Mesquite, for those who haven't heard of it or read my introductory post, is a application environment for phylogenetics, focusing on doing things with trees rather than inferring them. It does have the ability to serve as a frontend to programs that do tree inference - either directly for MrBayes or indirectly using a bridge to the Cipres libraries - which support PAUP*, RAxML, and GARLI as well as MrBayes. Mesquite will also create trees using a variety of simulation methods, such as pure birth (aka Yule trees), birth-death, and the model that corresponds to the BiSSE method of estimation.

Many, if not most, users treat Mesquite as a GUI application without any knowledge of the scripting that Mesquite supports and uses when they save and then reload a project containing trees and character matrices. There are several ways to use Mesquite scripts - either by including them in a Mesquite block in the nexus file that represents the project, but they can also be used to send a series of commands to a window during a Mesquite session. If you use a command line to launch Mesquite you can also send commands or scripts via the terminal that you launched Mesquite from.

I'll finish this post with a simple "Hello World" style example of some Mesquite script that you can run within the Mesquite GUI.

Start Mequite and create a new project, call it scriptTest.nex. Accept the defaults in the dialog that comes up for creating the project. If you are running Mesquite 2.0 or later, you should see something to this in your Mesquite window.

Make sure that "Tree Window 1" is selected and from the Window menu select Scripting:Send Script. This will bring up a dialog where you can type a script command. Here's "Hello World" in Mesquite Script :
message 'Hello World'

So bring up the script window, type in the commands and press the OK button.

So where's my message?
After the script window disappears, you are probably wondering where the message went? It's not in the Tree Window - you actually didn't request the window to do anything. The message appeared in the Mesquite Log.

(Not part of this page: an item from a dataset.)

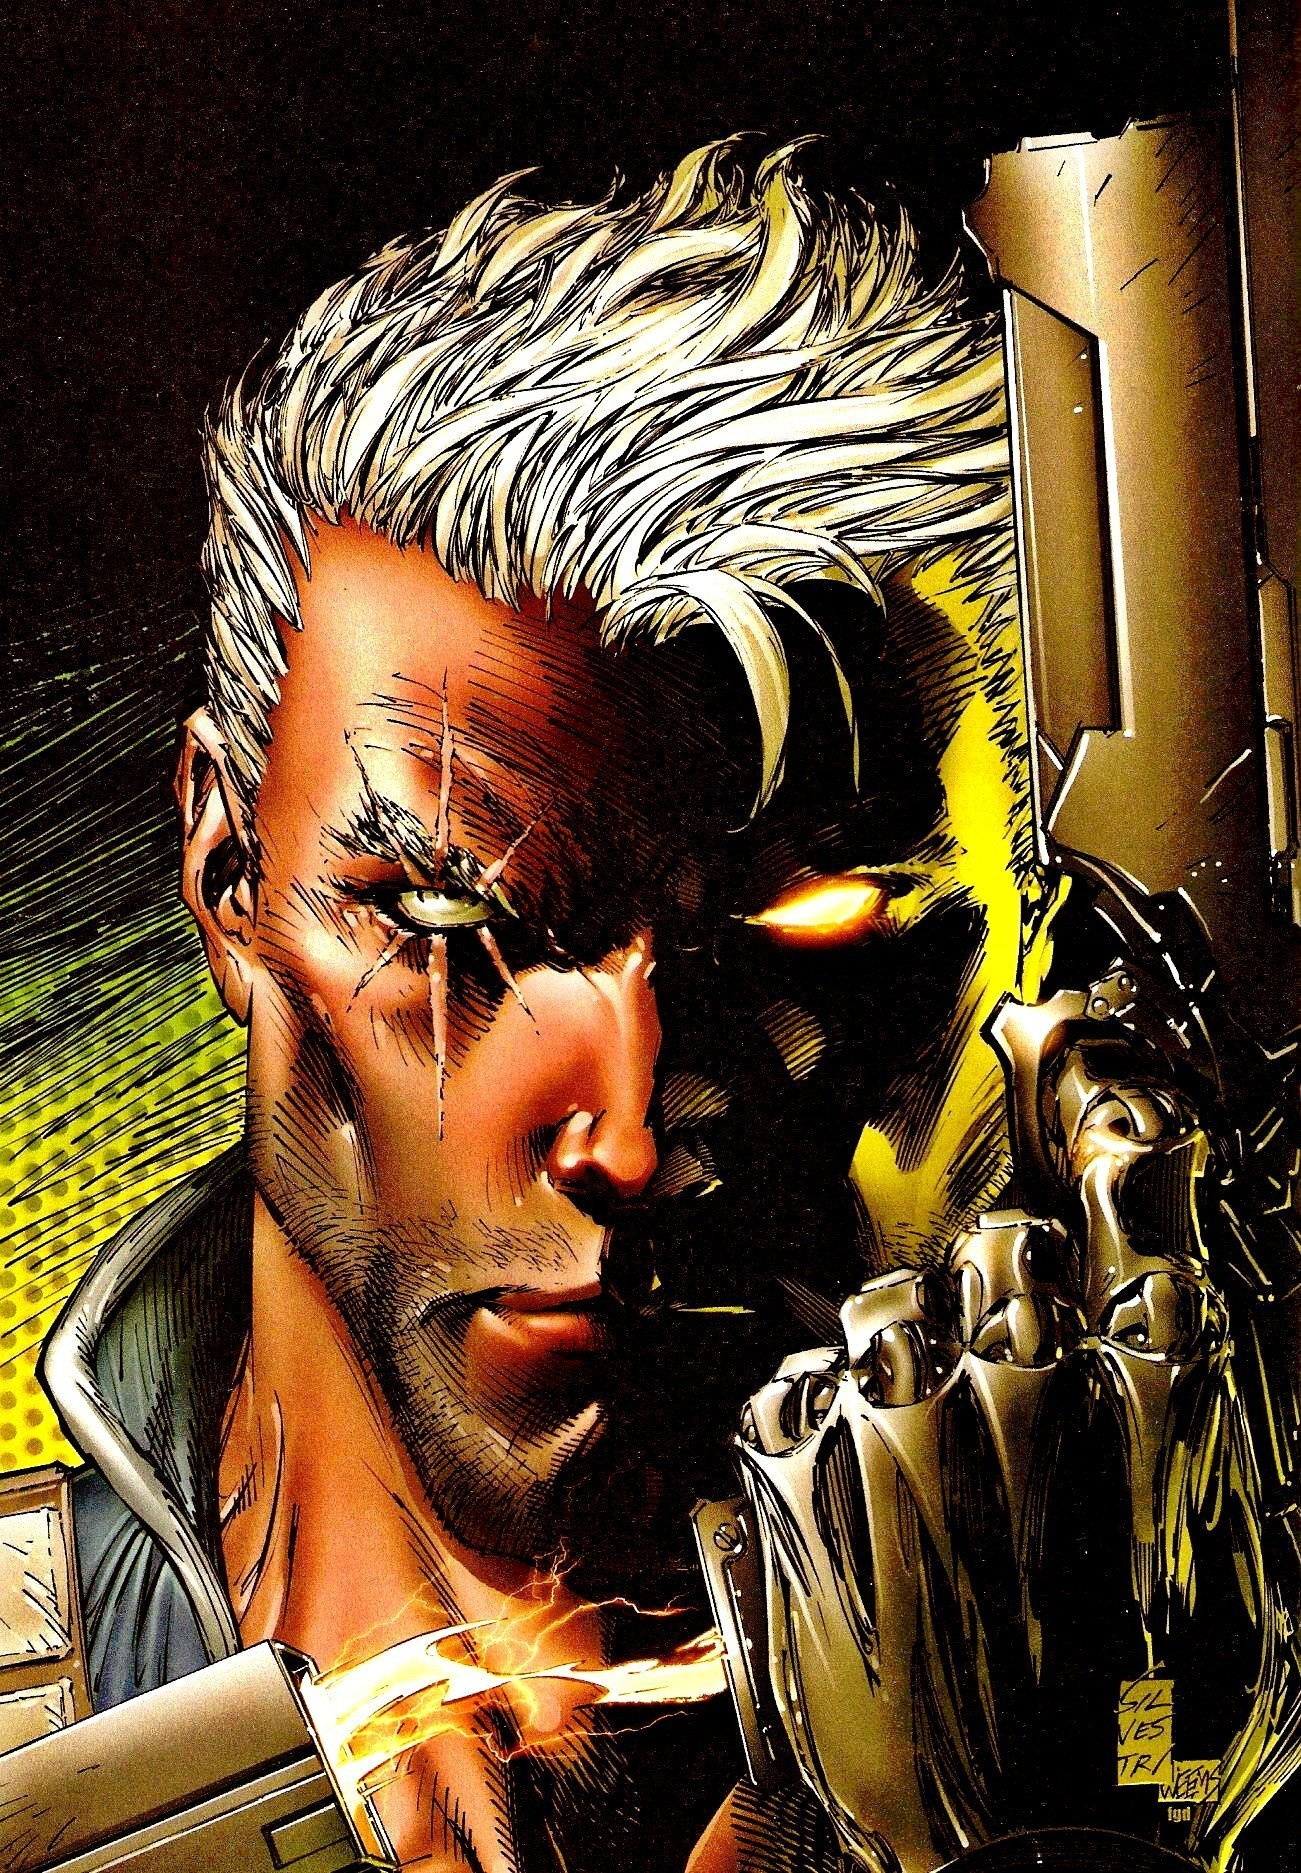 Image du visage du X-Men Cable, personnage de Marvel Comics

The log contains a record of what Mesquite has done during a session. The easiest way to see the log is to go back to the window menu and select Log from the list. This will expose the log window. If you scroll down to the bottom, you will see your message, followed by the showWindow command you used to bring up the log.

The log appears in other places - the file Mesquite_Log that is created in Mesquite_Support files - a new file is created each time you start Mesquite. If you start Mesquite from a command line, logged information is also written to the terminal you launched from.

That's it for now. Next time, I'll discuss It and other important variables and the structure of scripts. In the meantime, there is a list of "Universal" Mesquite scripting commands available by choosing Scripting from the help menu and the selecting the 'universal commands' link near the top of the page.